## Exercise objective:
Transcribe each line of the material as it is, and drop any picture.

## Dataset content:
********************
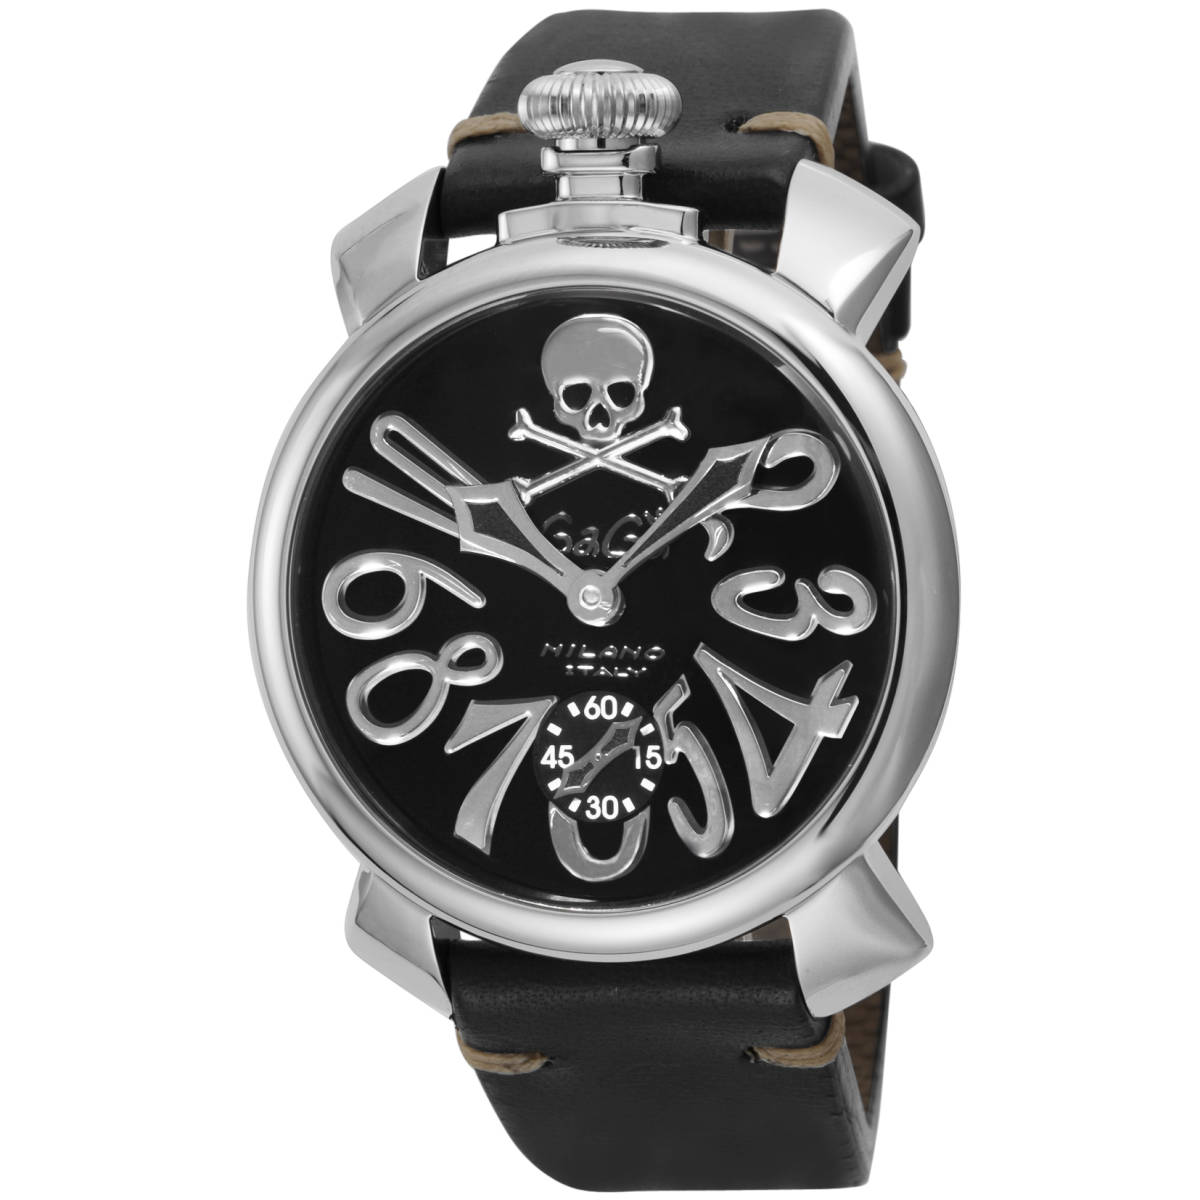 ◆GaGa MILANO ガガミラノ◆ 腕時計 時計 手巻き メンズ アウトレット 機械式 ブラック 5010ART02S-BLK マヌアーレ48MM アートコレクションのサムネイル
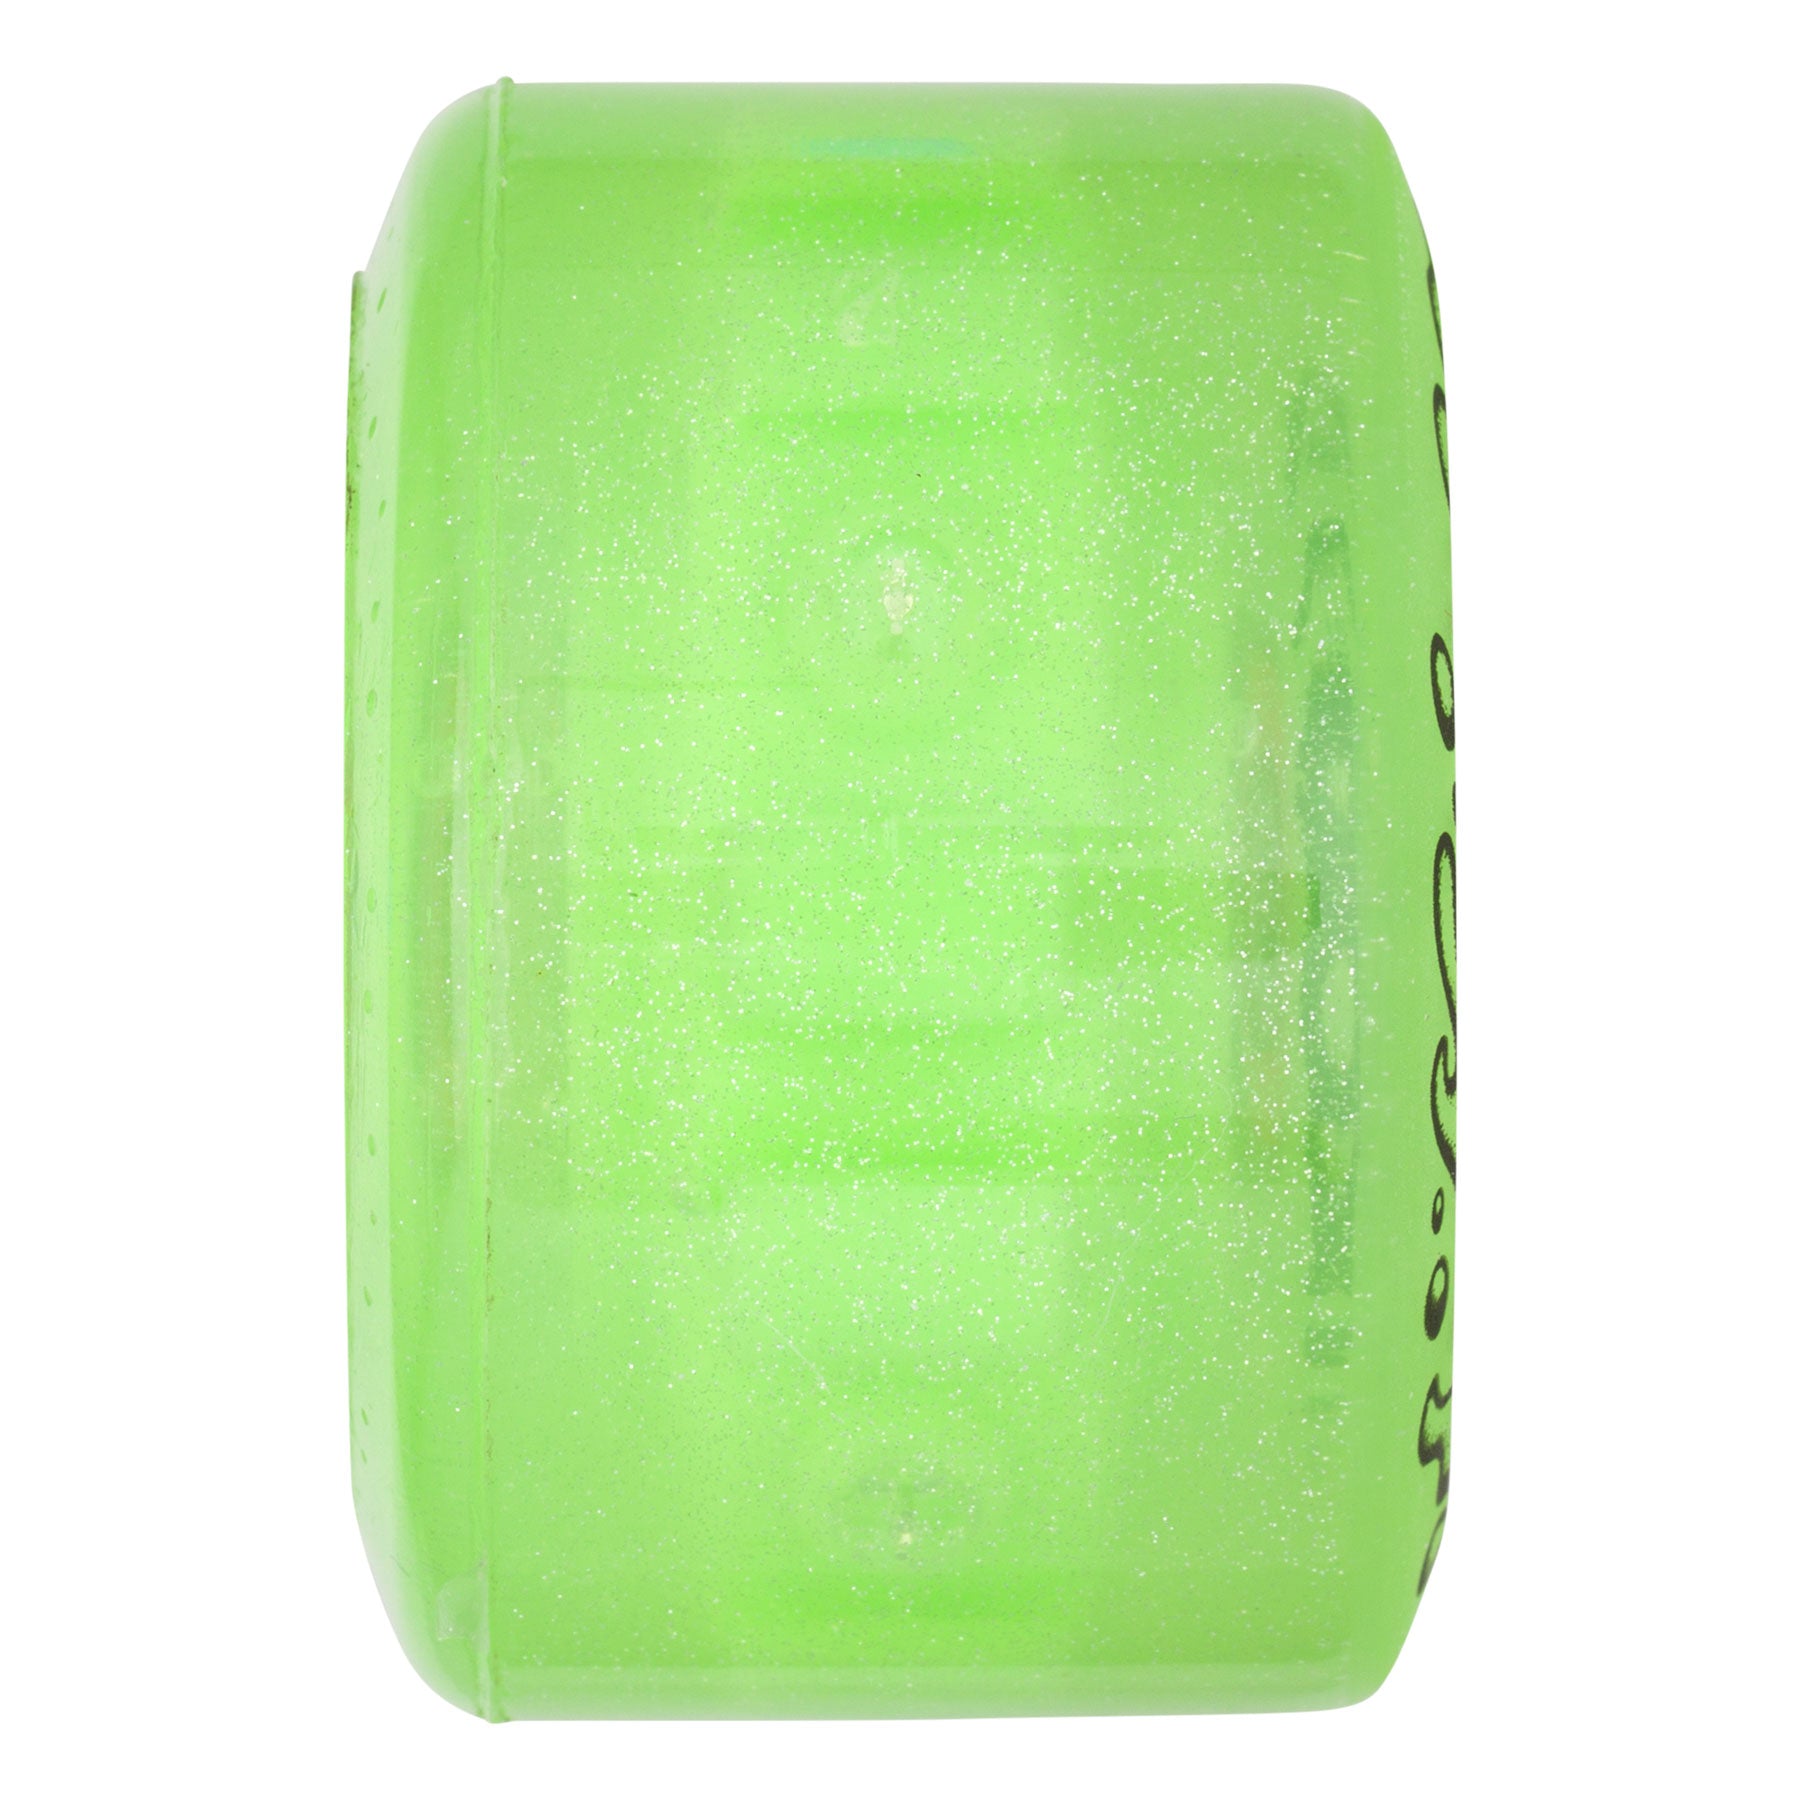 Slime Balls - Light Ups OG Slime Green/Glitter 78A Skateboard Wheels - 60mm
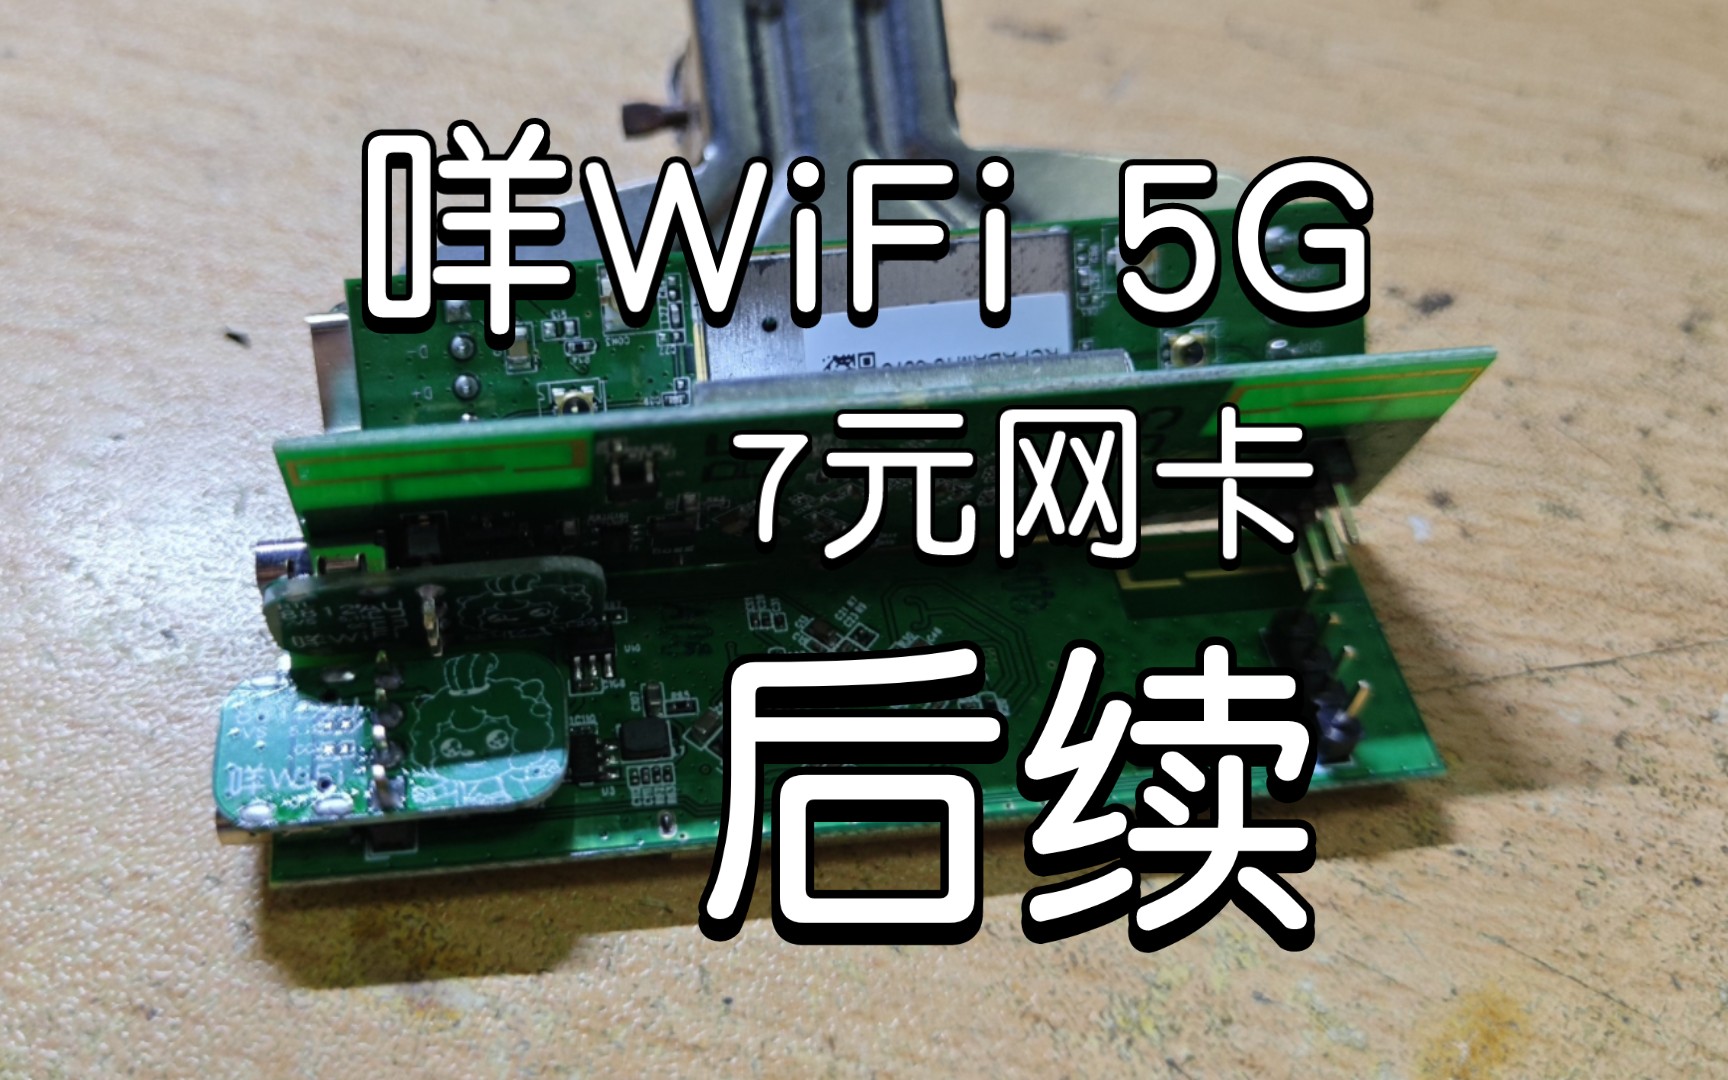 「咩咩焊接」后续 咩WiFi 仅7元的RTL8812AU无线网卡 USB 5G WiFi Kail免驱兼容性巨好 PCB开源
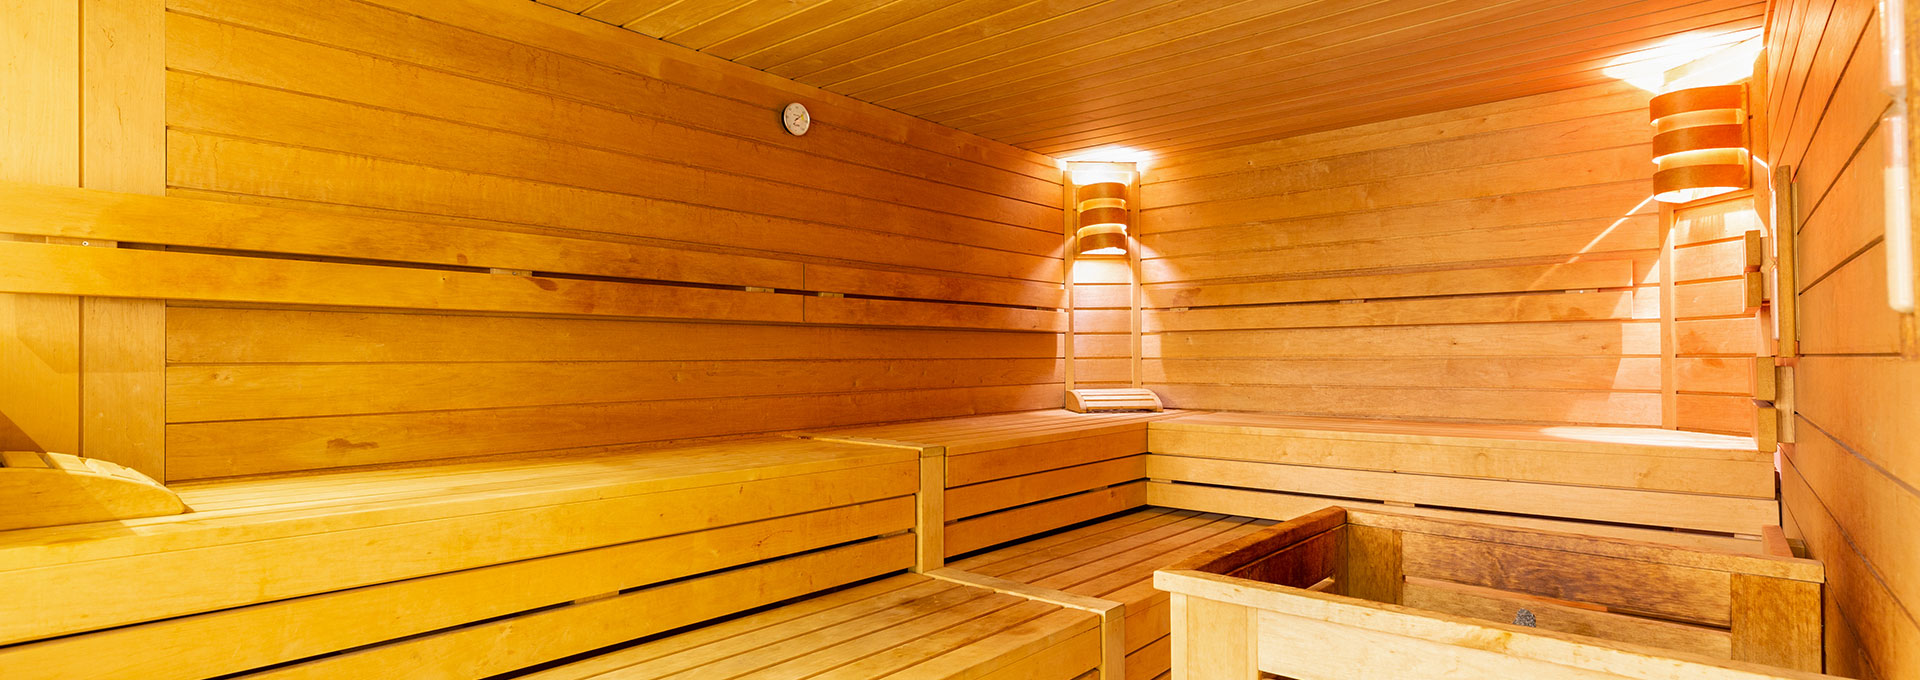 Willkommen in unserer Sauna
********************
## Exercise result:
 ◆GaGa MILANO ガガミラノ◆ 腕時計 時計 手巻き メンズ アウトレット 機械式 ブラック 5010ART02S-BLK マヌアーレ48MM アートコレクションのサムネイル
 Slime Balls - Light Ups OG Slime Green/Glitter 78A Skateboard Wheels - 60mm
 「咩咩焊接」后续 咩WiFi 仅7元的RTL8812AU无线网卡 USB 5G WiFi Kail免驱兼容性巨好 PCB开源
 Willkommen in unserer Sauna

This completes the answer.